Important considerations to call out in interview:
- How you will partition topics for scale and preserve ordering
- What happens when a consumer is slow or down (backpressure, retention, dead-letter queues)
- How to ensure durability and recover from broker failures (replication, ISR, leader election)
- Cost vs latency trade-offs (in-memory caches for hot notifications)
Employee management — LLD / DB schema (example)
Key entities:
- Employee (employee_id PK, first_name, last_name, email UNIQUE, phone, hire_date, manager_id FK -> Employee)
- Department (department_id PK, name, manager_id FK -> Employee)
- Role (role_id PK, title, permissions)
- EmployeeRole (emp_role_id PK, employee_id FK, role_id FK, start_date, end_date)
- EmploymentHistory (history_id PK, employee_id FK, from_date, to_date, title, department_id)
Notes:
- Use foreign keys for referential integrity. For large orgs, consider soft deletes and historical tables for audit.
- Index fields used frequently in queries (email, manager_id, department_id).
- If multi-tenancy or many employees, shard or partition large tables by company_id or region.
Sample query scenarios to mention:
- List direct reports for a manager
- Find current role and department for an employee
- Audit changes over time (use EmploymentHistory or CDC pipeline)
Key learnings (from the candidate)
- Don’t skip dynamic programming — problems like Delete and Earn are classic DP transformations.
- LLD interviews expect practical schema modeling, not just design patterns. Be ready to sketch tables, constraints, and common queries.
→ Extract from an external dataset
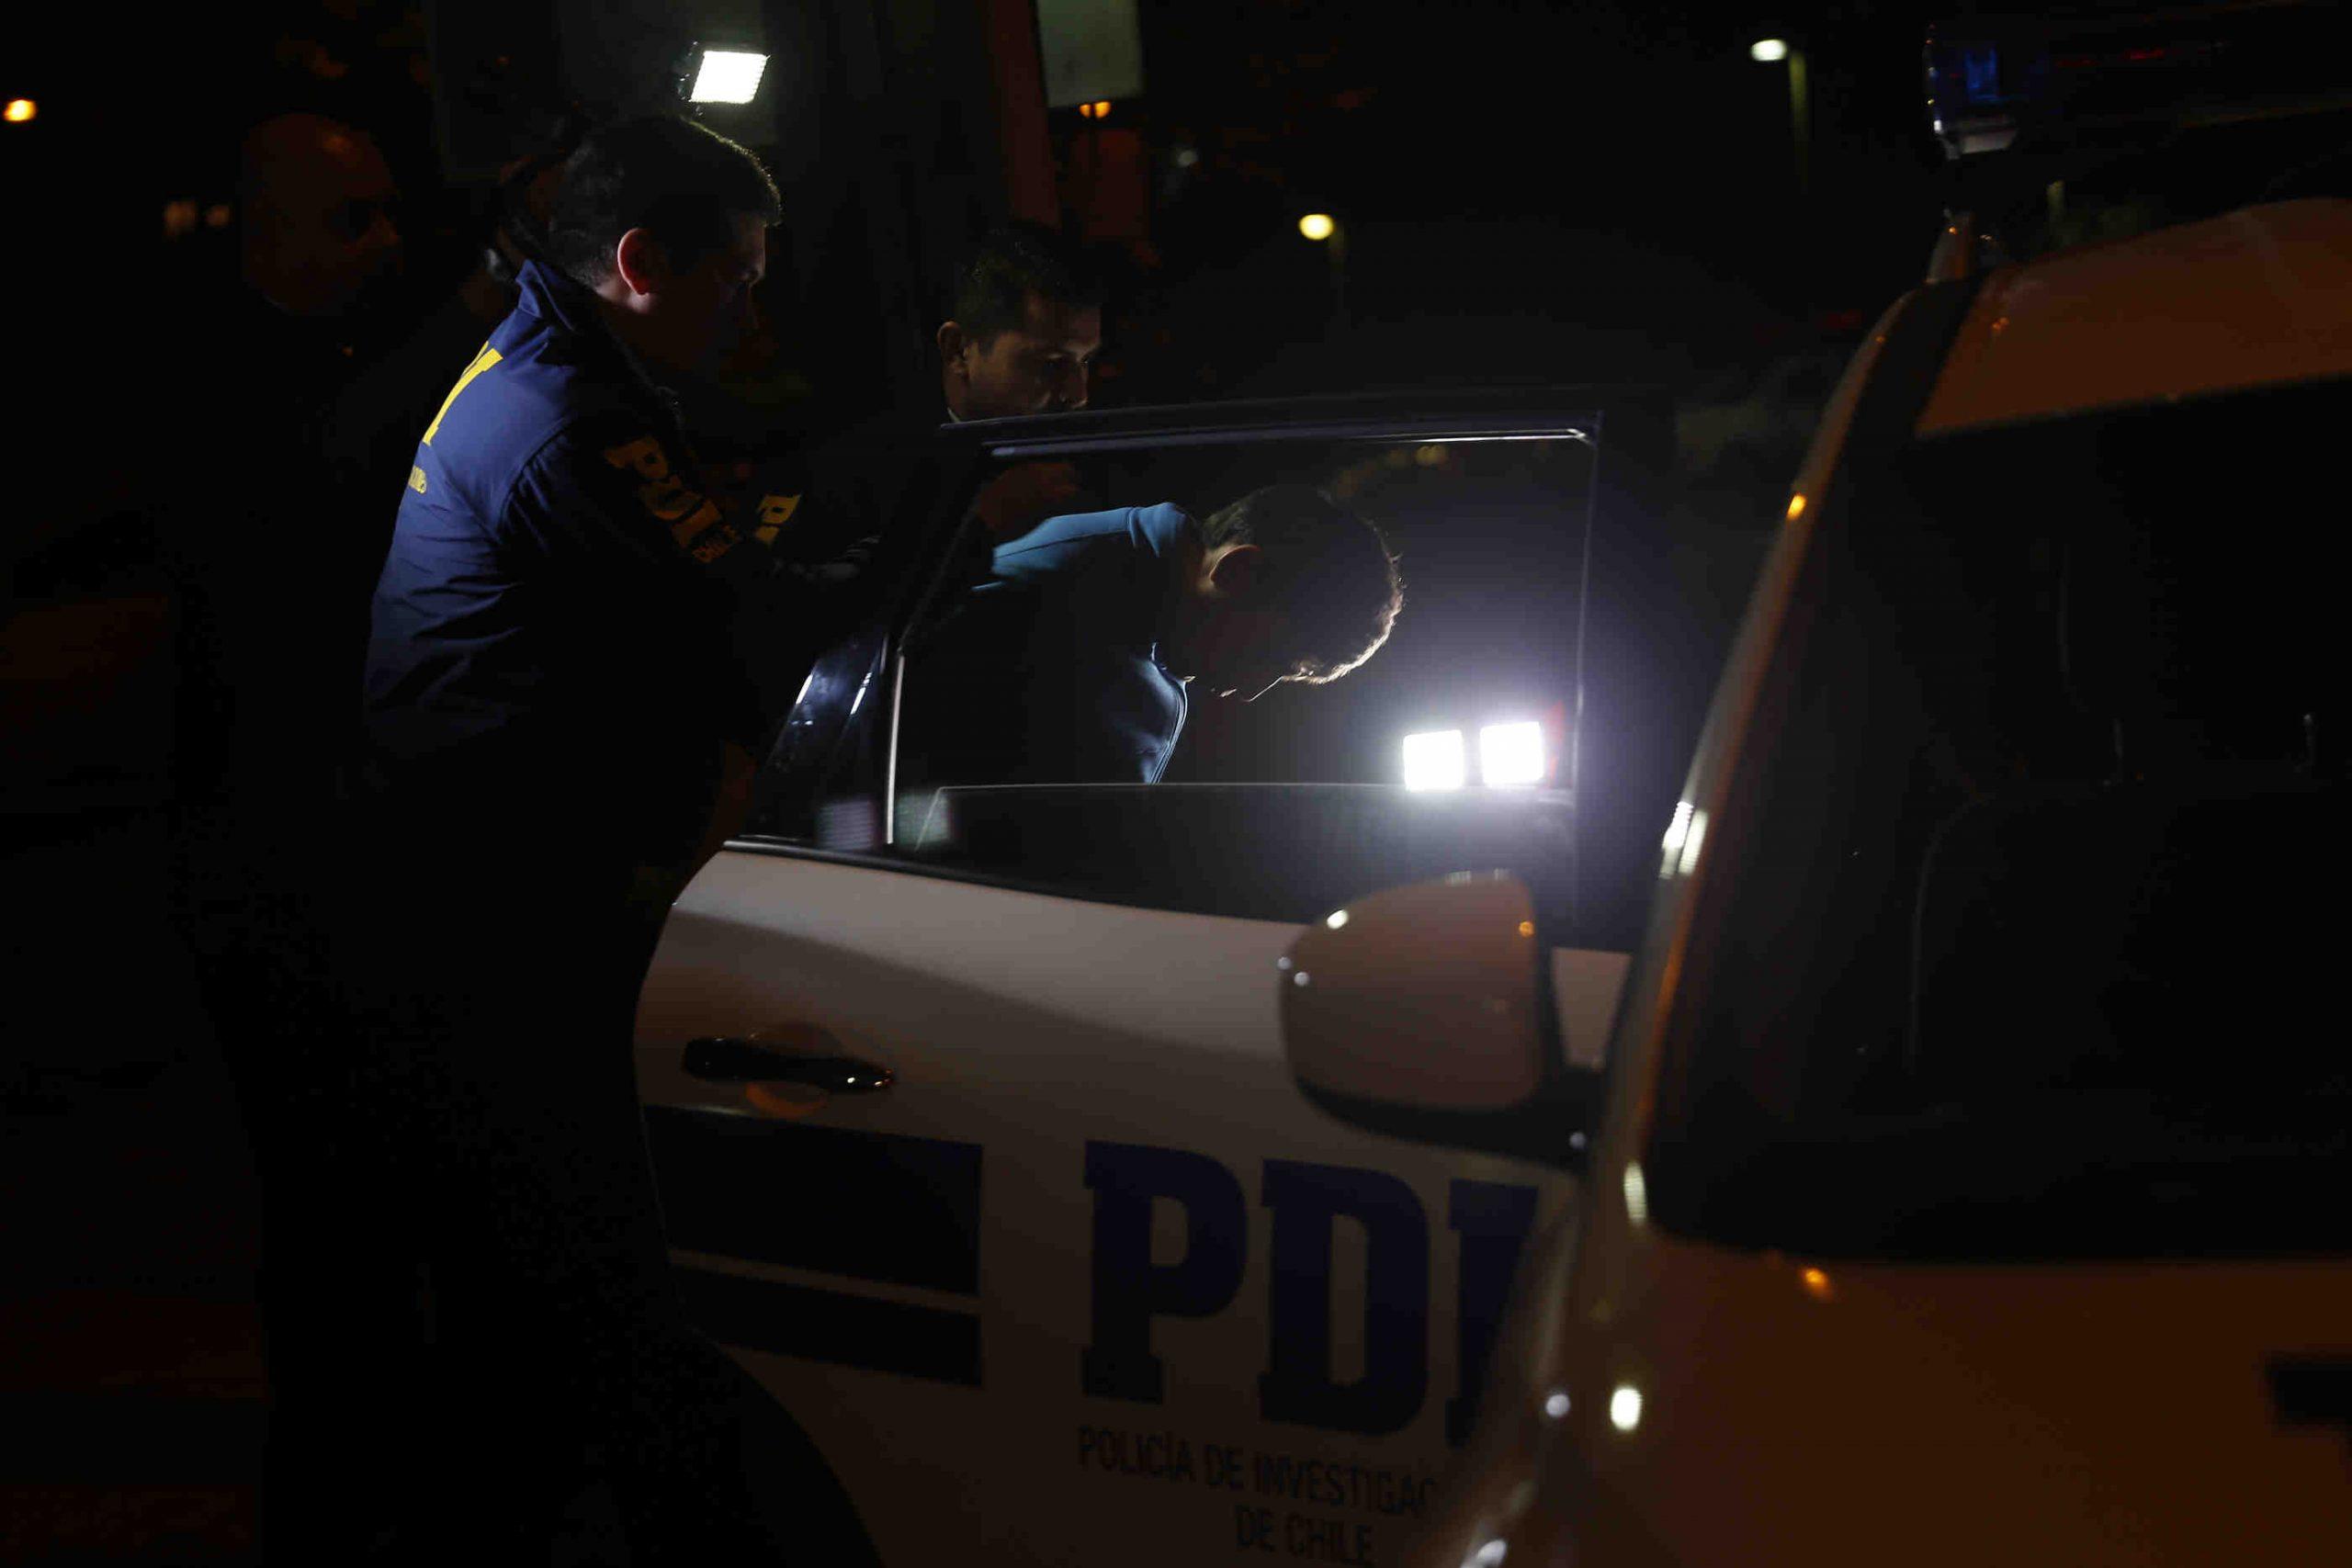 PDI detuvo a adolescente con amplio prontuario policial en Coyhaique

- Keep reasoning out loud. Interviewers want to hear trade-offs and thought process — avoid rejecting yourself prematurely.
Practical interview tips
- Clarify requirements and constraints up front (scale, consistency, latency, failure modes).
- For algorithm questions: state brute-force, optimize step-by-step, and analyze complexity.
- For DP problems: show how to convert the problem to a standard DP pattern (e.g., knapsack, robber, LIS).
- For design rounds: propose a simple design first, then iterate to add scaling, fault tolerance, and security.
- Communicate: narrate your assumptions, ask for feedback, and validate edge cases with small examples.
Quick prep checklist
- Brush up on DP patterns and common transformations
- Practice hashmap and two-pointer patterns (handling duplicates)
- Read system design basics: message brokers, load balancing, caching, replication
- Practice LLD: schema design, relationships, indexing, and typical queries
- Do mock interviews and practice thinking out loud
Resources
- LeetCode (Two Sum variants, Delete and Earn)
- System Design Primer (GitHub)
- Grokking the System Design Interview
- Distributed messaging docs: Kafka/Pulsar fundamentals
Good luck — focus on patterns, explain trade-offs, and practice communicating clearly. This candidate’s path shows that with ~1 year of experience and solid preparation you can navigate OA → DSA → HLD/LLD rounds successfully.